I don't know if this is helpful though, because what I'm really looking for is a probability that's sort of buried in the .75 probabilities. e.g. the probability there are three shoes at the front door, and he leaves through the back door. This probability is .5, but there's also the probability of .25 that he leaves through the front door and returns through the front door, returning us to state 3.

Am I setting up the chain incorrectly? Basically, 50% of those 75% transition probabilities account for him running bare-foot, but I don't see anyway to include that in the transition matrix

2. Mar 3, 2015

### wabbit

Hi your matrix looks alright to me, you can recheck it looking in each state at what happens in each case : front-to-back (front shoe count drops by 1 unless already 0), back-to-front (up 1 unless already 3) and other cases (no change).

3. Mar 3, 2015

### ElijahRockers

Thanks for replying. Yea I get the transition probabilities are correct, but I'm not sure how to extract the barefoot running part of the question. If I could somehow represent that in the transition matrix, then I could find the steady state behavior and find the answer

4. Mar 3, 2015

### wabbit

I'm not sure I get your point - the barefoot case is already included, that s why starting with state 0 and applying transition front-to-back you know what happens (nothing as it turns out) - without barefoot that would just be left undefined.

Ooooh OK missed that question sorry. Give me a minute.

Never mind, thought you were asked to determine the whole steady state distribution - anyway that's what I'd do :
He runs barefoot when
- starting from state 0 and going to front door, or
- state 3 / back door
So what you need is the steady state probability of state 0 and 3 (and 1 and 2 while you're at it). So your first task is to compute that steady state distribution. Do you know how to do that ?
(You don't need to worry about bare feet at this point)

Last edited: Mar 3, 2015
5. Mar 3, 2015

### Ray Vickson

I think your matrix $P$ is OK, so I will deal mostly with other aspects of your question.

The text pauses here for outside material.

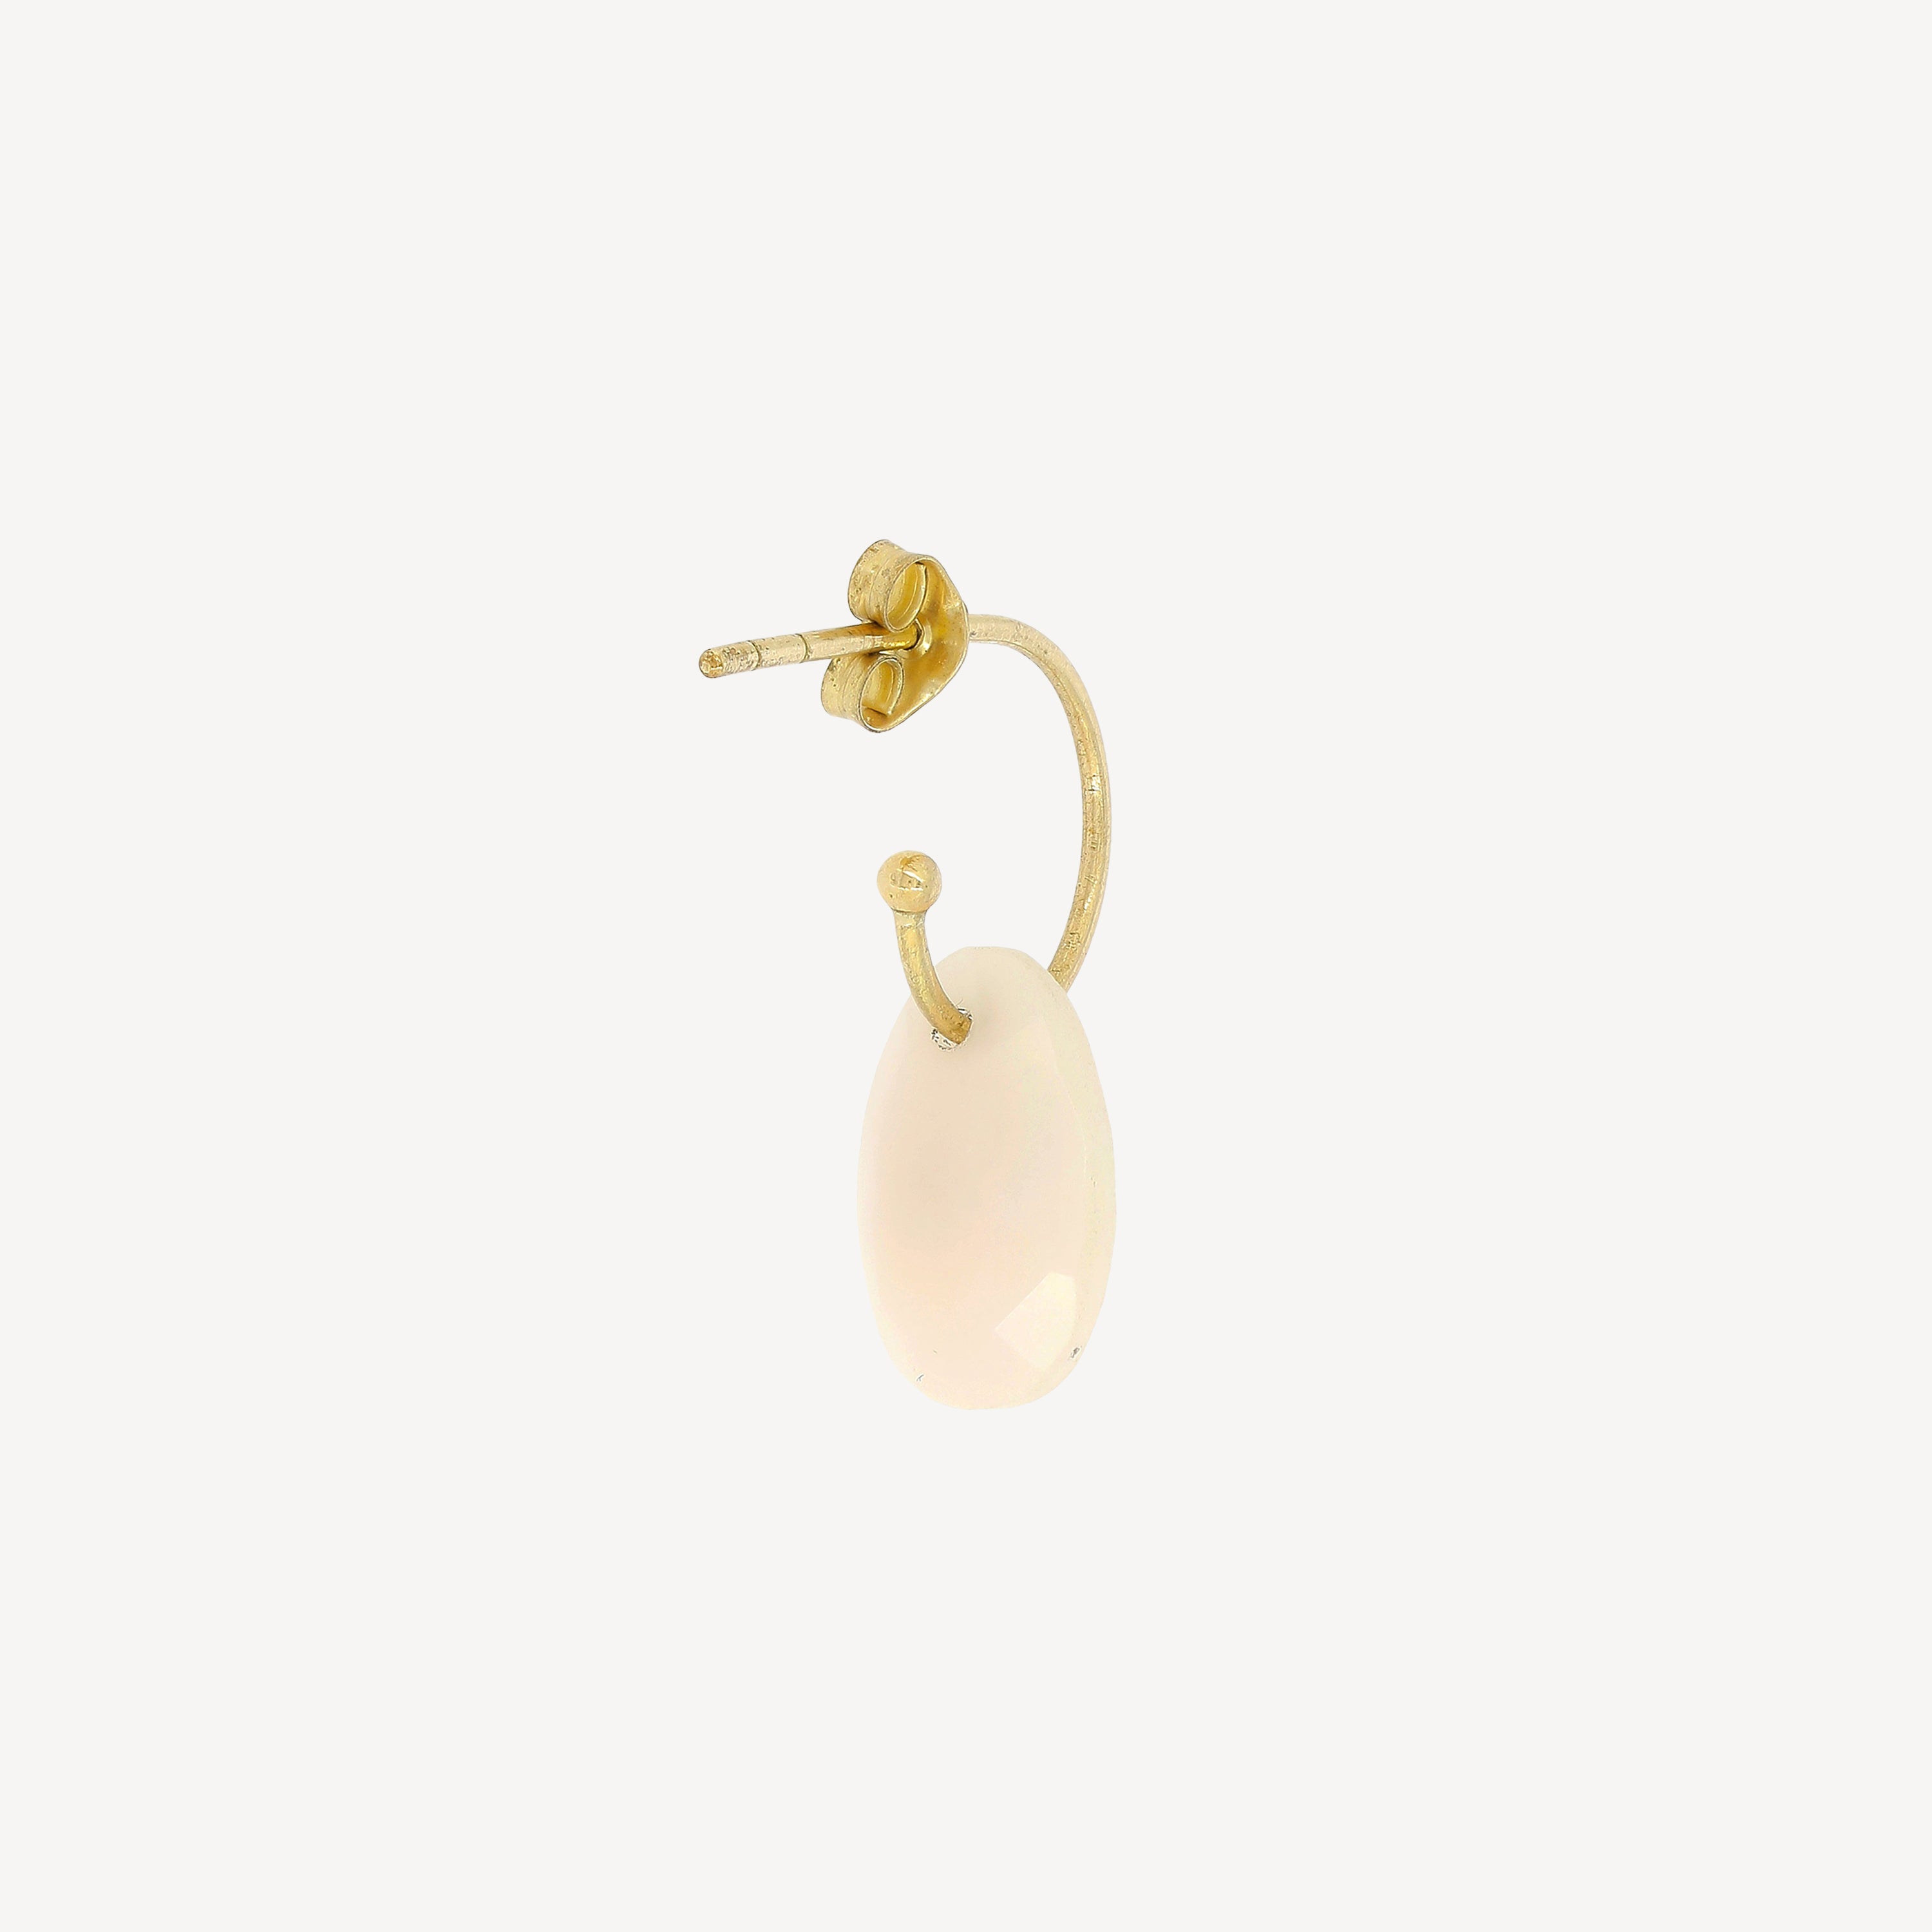 Opal earring

If $q(n) = (q_0(n), q_1(n),q_2(n),q_3(n))$ (a row-vector) is the vector of state-occupancy probabilities at time $n = 0,1,2, \ldots$, then we have
$$q(n+1) = q(n) \cdot P$$
Note: this assumes the usual, but not universal) convention that $p_{ij}$ is the 1-step probability of going from state $i$ to state $j$---so that the rows of $P$ sum to 1. Occasionally one sees the opposite convention, where the columns sum to 1 instead. (In your case it does not really matter, since $P$ is symmetric, so is its own transpose.)

If we let $n$ denote the "leaving time", he runs barefoot with probability 1/2 in states 0 and 3, so the probability $b(n)$ that he runs barefoot at time $n$ is
$$b(n) = \frac{1}{2} q_0(n) + \frac{1}{2} q_3(n)$$
Can you find the long-run average of the $b(n)$, or the limiting value $b(\infty) = \lim_{n \to \infty} b(n)$?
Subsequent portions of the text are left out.